= WORK ITEM =
The copy you print must match the listing exactly, with its pictures removed.

=== SOURCE MATERIAL ===

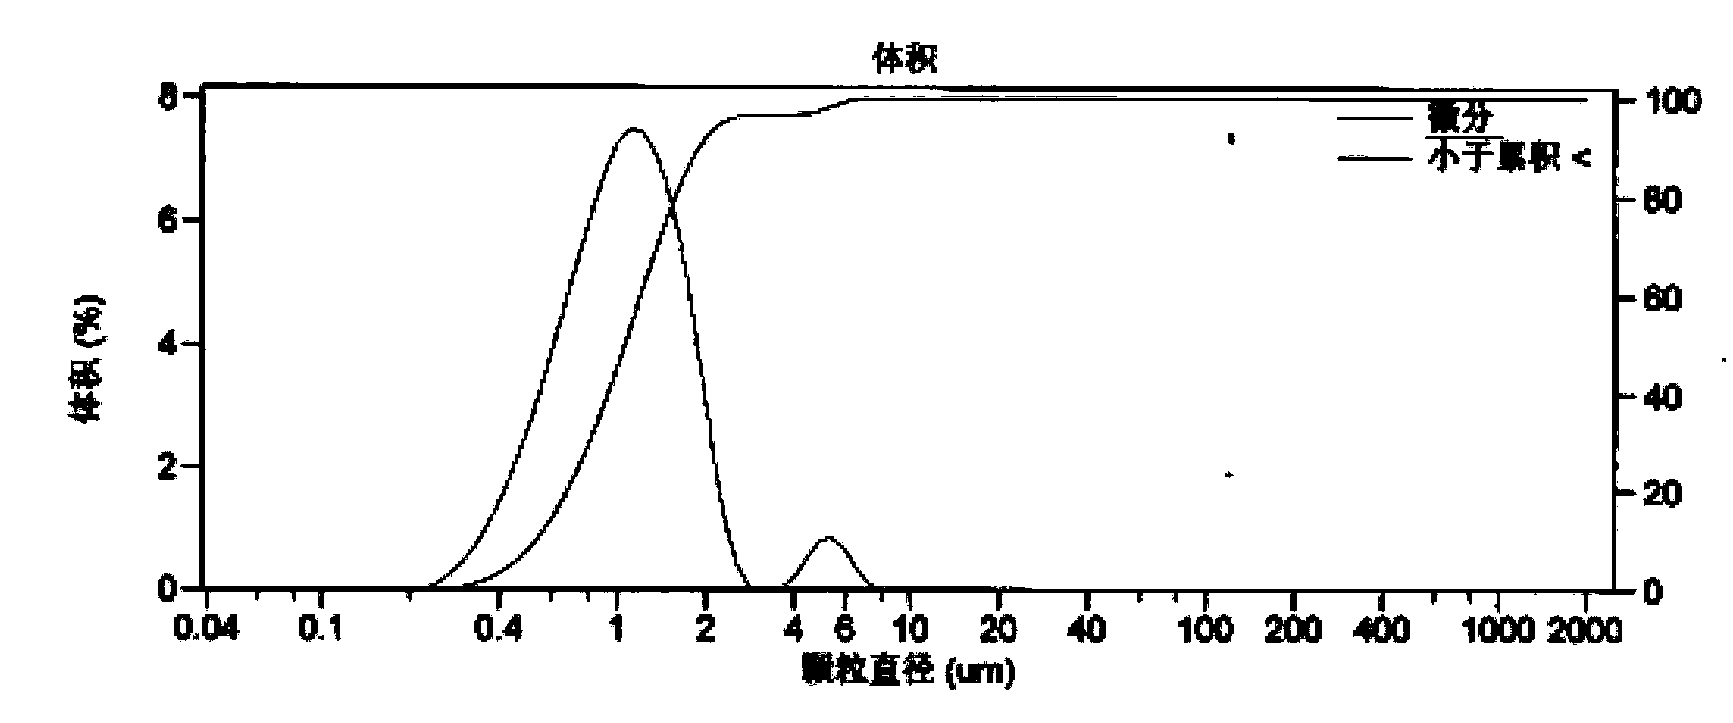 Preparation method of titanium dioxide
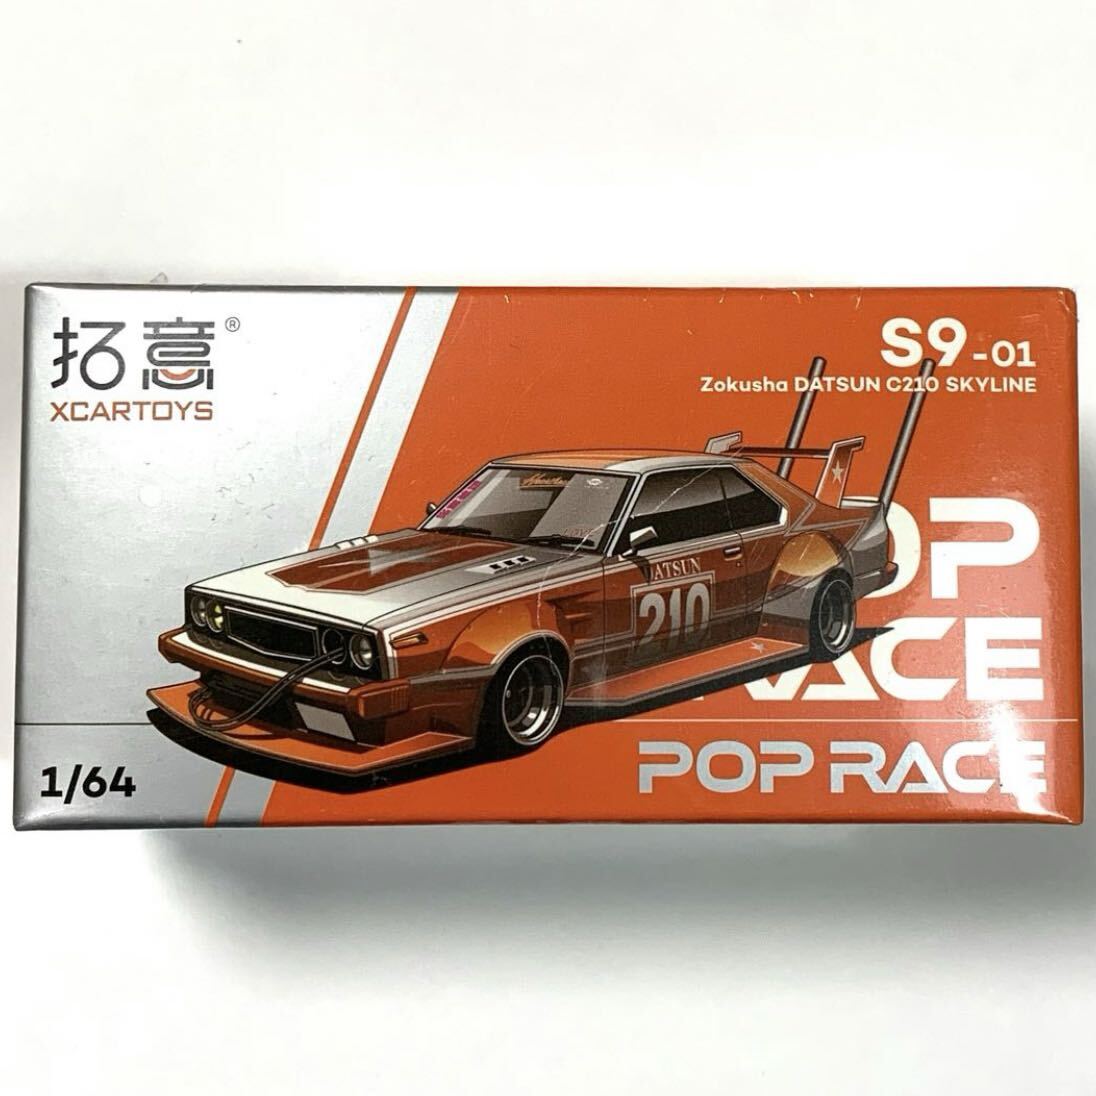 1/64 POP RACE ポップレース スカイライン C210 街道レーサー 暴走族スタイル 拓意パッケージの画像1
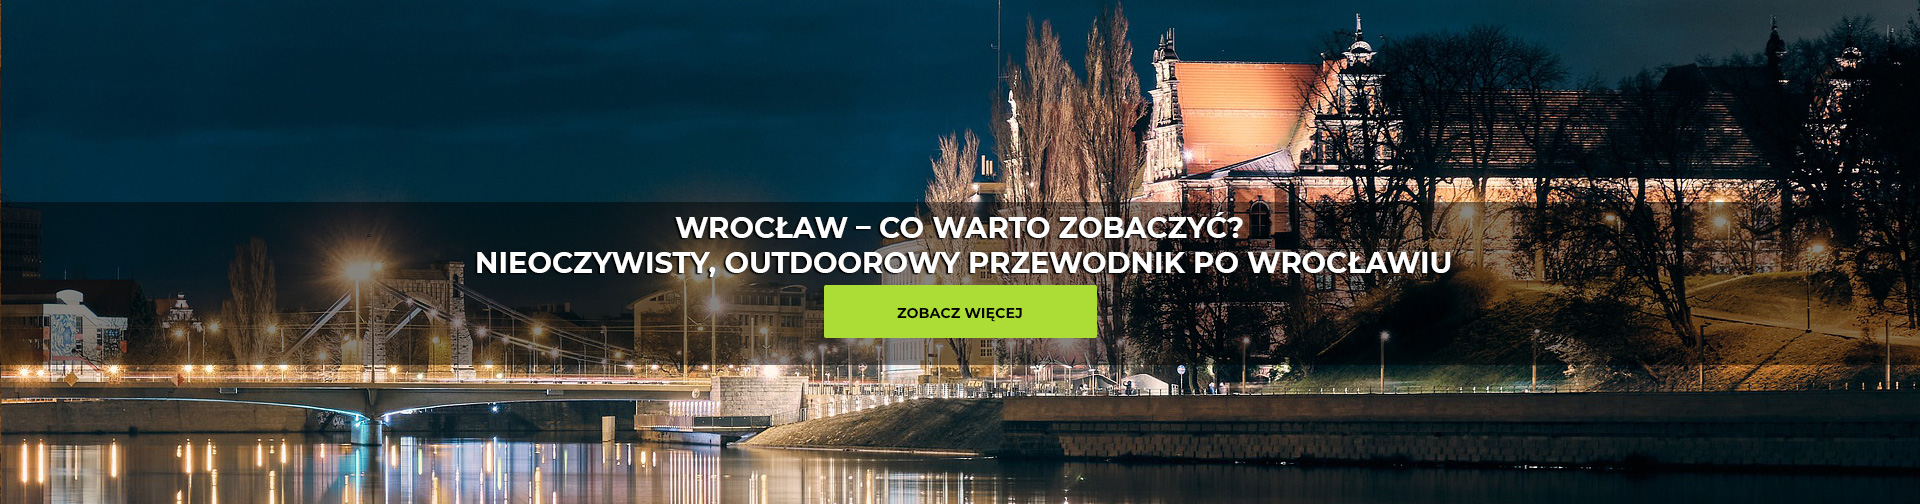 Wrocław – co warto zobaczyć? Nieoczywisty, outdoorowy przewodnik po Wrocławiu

===

= EXERCISE SOLUTION =
 Preparation method of titanium dioxide
 1/64 POP RACE ポップレース スカイライン C210 街道レーサー 暴走族スタイル 拓意パッケージの画像1
 Wrocław – co warto zobaczyć? Nieoczywisty, outdoorowy przewodnik po Wrocławiu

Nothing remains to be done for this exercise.